Multidisciplinary professional services organization

11 minute read 12 Jun 2020

Sustainability is just as important now. Here are some practical steps for staying on track during the crisis.

Sustainability and ESG are now more important than ever.

The novel coronavirus (COVID-19) is testing our health, social and economic systems in extreme ways. This crisis is unlike many other disasters we have witnessed in recent years with respect to its pervasiveness and the speed at which it has affected, directly or indirectly, billions of people around the world.

As people and organizations face extreme circumstances and need to make immediate decisions, the present is, understandably, often prioritized over the future. When possible, it is important to balance responding to the crisis in the short term with maintaining resiliency to other risks facing business and society in the long term. For example, in the 2020 annual risk report from the World Economic Forum (WEF), the top five risks in terms of likelihood were environmental, and the top four of five risks in terms of impact were both social and environmental in nature. (1)

While the risk of a pandemic was noted as important in the report, and something for which we are unprepared globally, it was not identified as one of the top five risks in terms of likelihood or impact in the 2020 survey.

High-impact and highly probable risks, such as climate change, biodiversity loss and water crises, are just as present now as they were before the pandemic started and could amplify the challenges created by COVID-19. Thus, while dealing with the immediate challenges posed by COVID-19, maintaining strategies and programs that may reduce risks to other long-term threats will be important for building long-term organizational resiliency.(2)

Sustainability and environmental, social and governance (ESG) programs are key components of long-term value and business resiliency; but in the current crisis, they may seem like a luxury that can be sidelined for now.

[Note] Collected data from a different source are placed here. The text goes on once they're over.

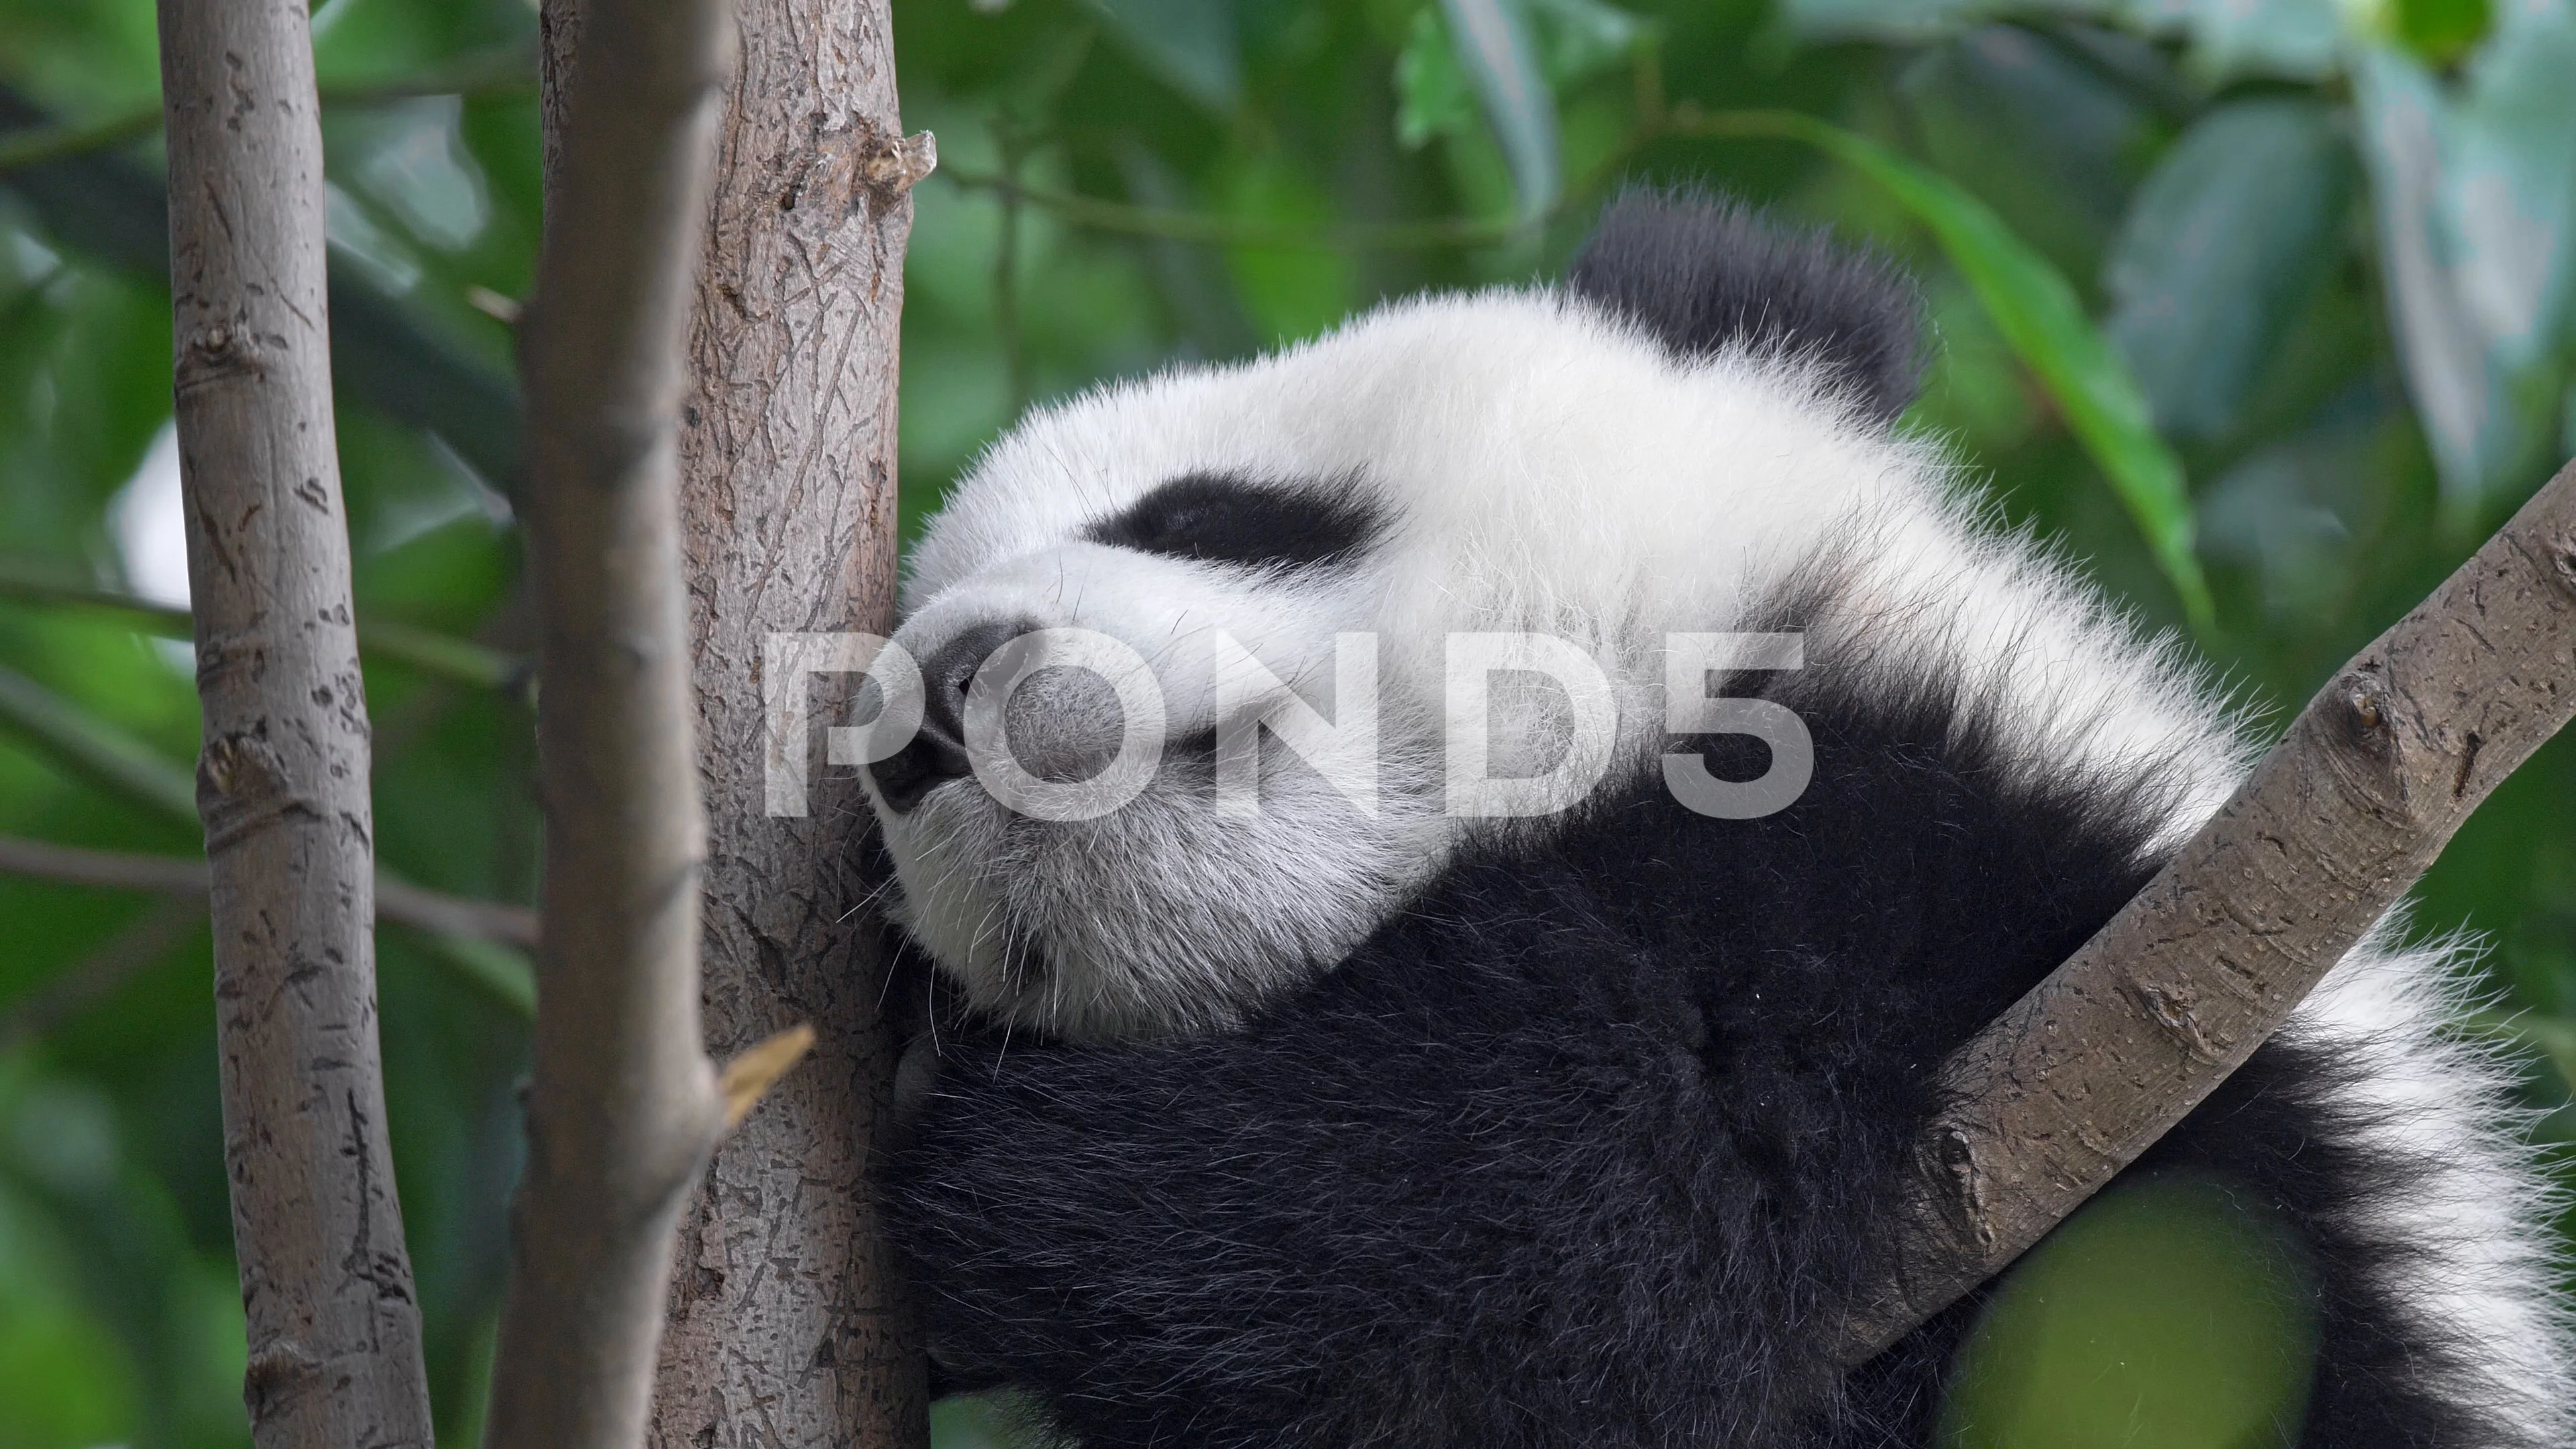 cute baby pandas sleeping
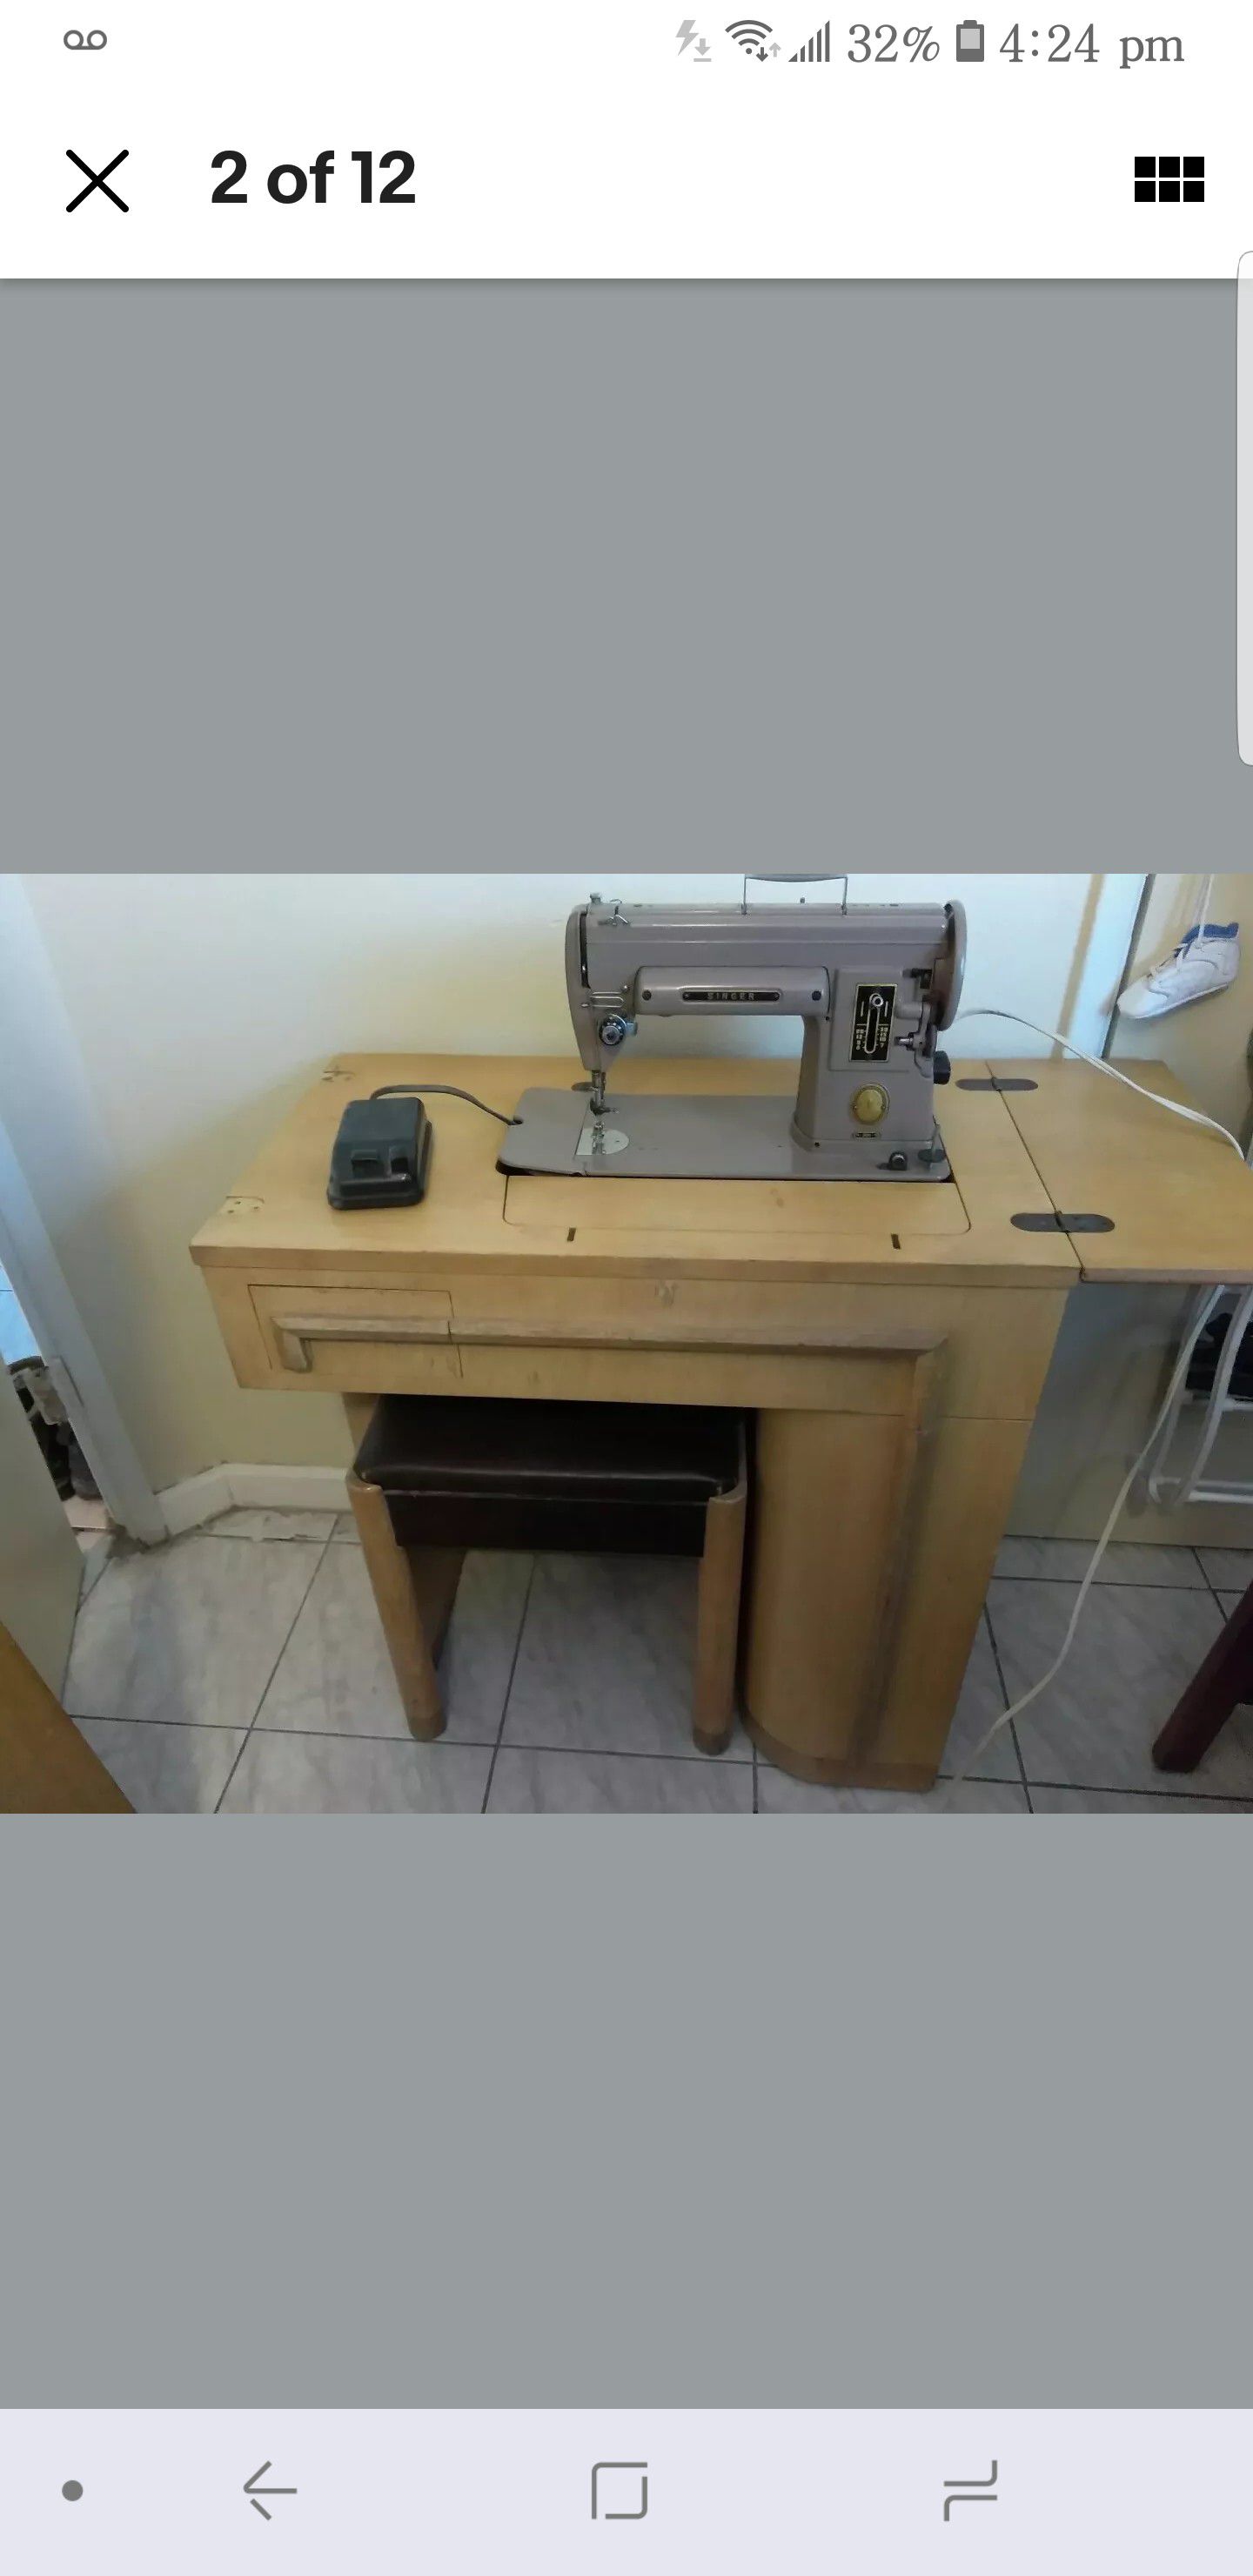 Antique Singer Sewing Machine #301. $225. Pickup in Oakdale
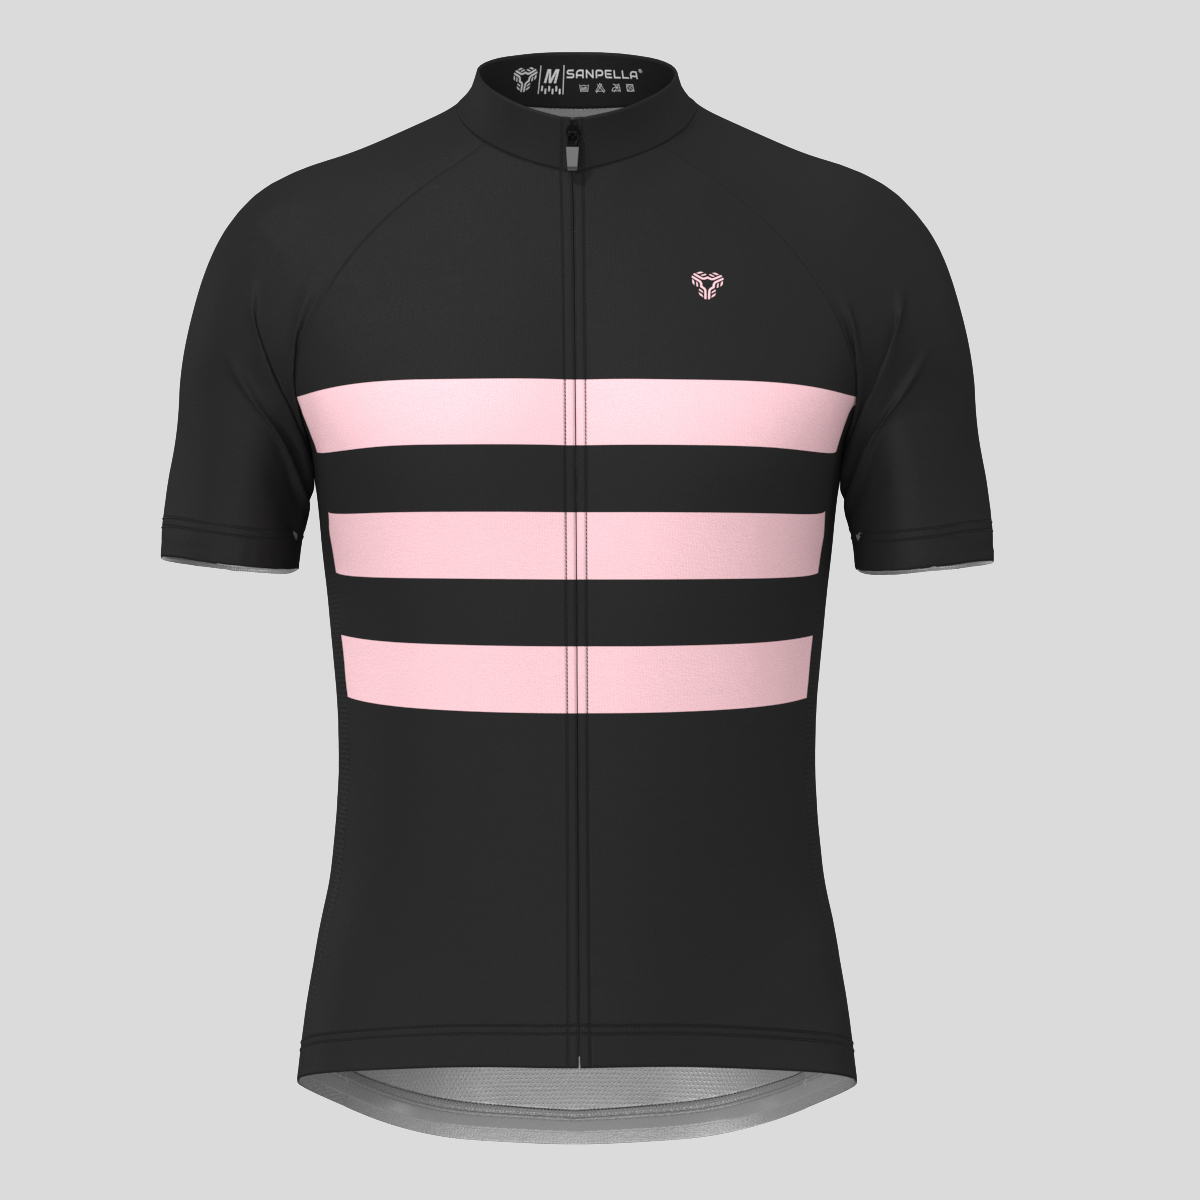 Men's Classic Stripes Cycling Jersey - Black/Pink

However, to the contrary, strong ESG programs may help buffer the impacts of the current crisis, hasten recovery, spur innovation needed to navigate a “new normal” and reduce risks to additional crises in the future. For example, ESG funds have shown stronger performance than non-ESG rivals during COVID-19.(3)(4)

The crisis has revealed for many companies the benefits of investing in their social and human capital, which is enabling them to mobilize talent and resources in new ways and continue to function in uncertain circumstances through a culture of trust, commitment and innovation. Similarly, research has shown that a loyal and motivated workforce creates enterprise value over the long term through increased productivity, lower voluntary turnover and improved labor costs.(5)

The pandemic has also revealed the importance of other nonfinancial factors that impact business outcomes and are important to ESG investors, such as disaster preparedness, continuity planning and employee benefits, like paid sick leave and flexible working arrangements.(6) Some companies are showing their commitment to society by proactively seeking ways to be part of the solution to the pandemic as demonstrated by Apple, Tesla, General Motors and Ford Motor Company, who are directing their resources to increase accessibility and production to critical medical supplies.(7) Distilleries such as Anheuser-Busch, Pernod Ricard, Bacardi, Tito's and others have redirected operations to produce significant amounts of much needed hand sanitizer.(8) Google is supporting the state of California by providing 100,000 free Wi-Fi hotspots and donating 4,000 Chromebooks to students across the state.(9) Grocery stores around the country, from Whole Foods to Stop & Shop, are offering special hours for seniors and others who are most vulnerable to the disease.(10) In being part of the solution and adding value to their communities and society, companies are likely to secure long-lasting trust in their leadership, which is an increasingly important factor to investors, customers and future employees. (11)(12)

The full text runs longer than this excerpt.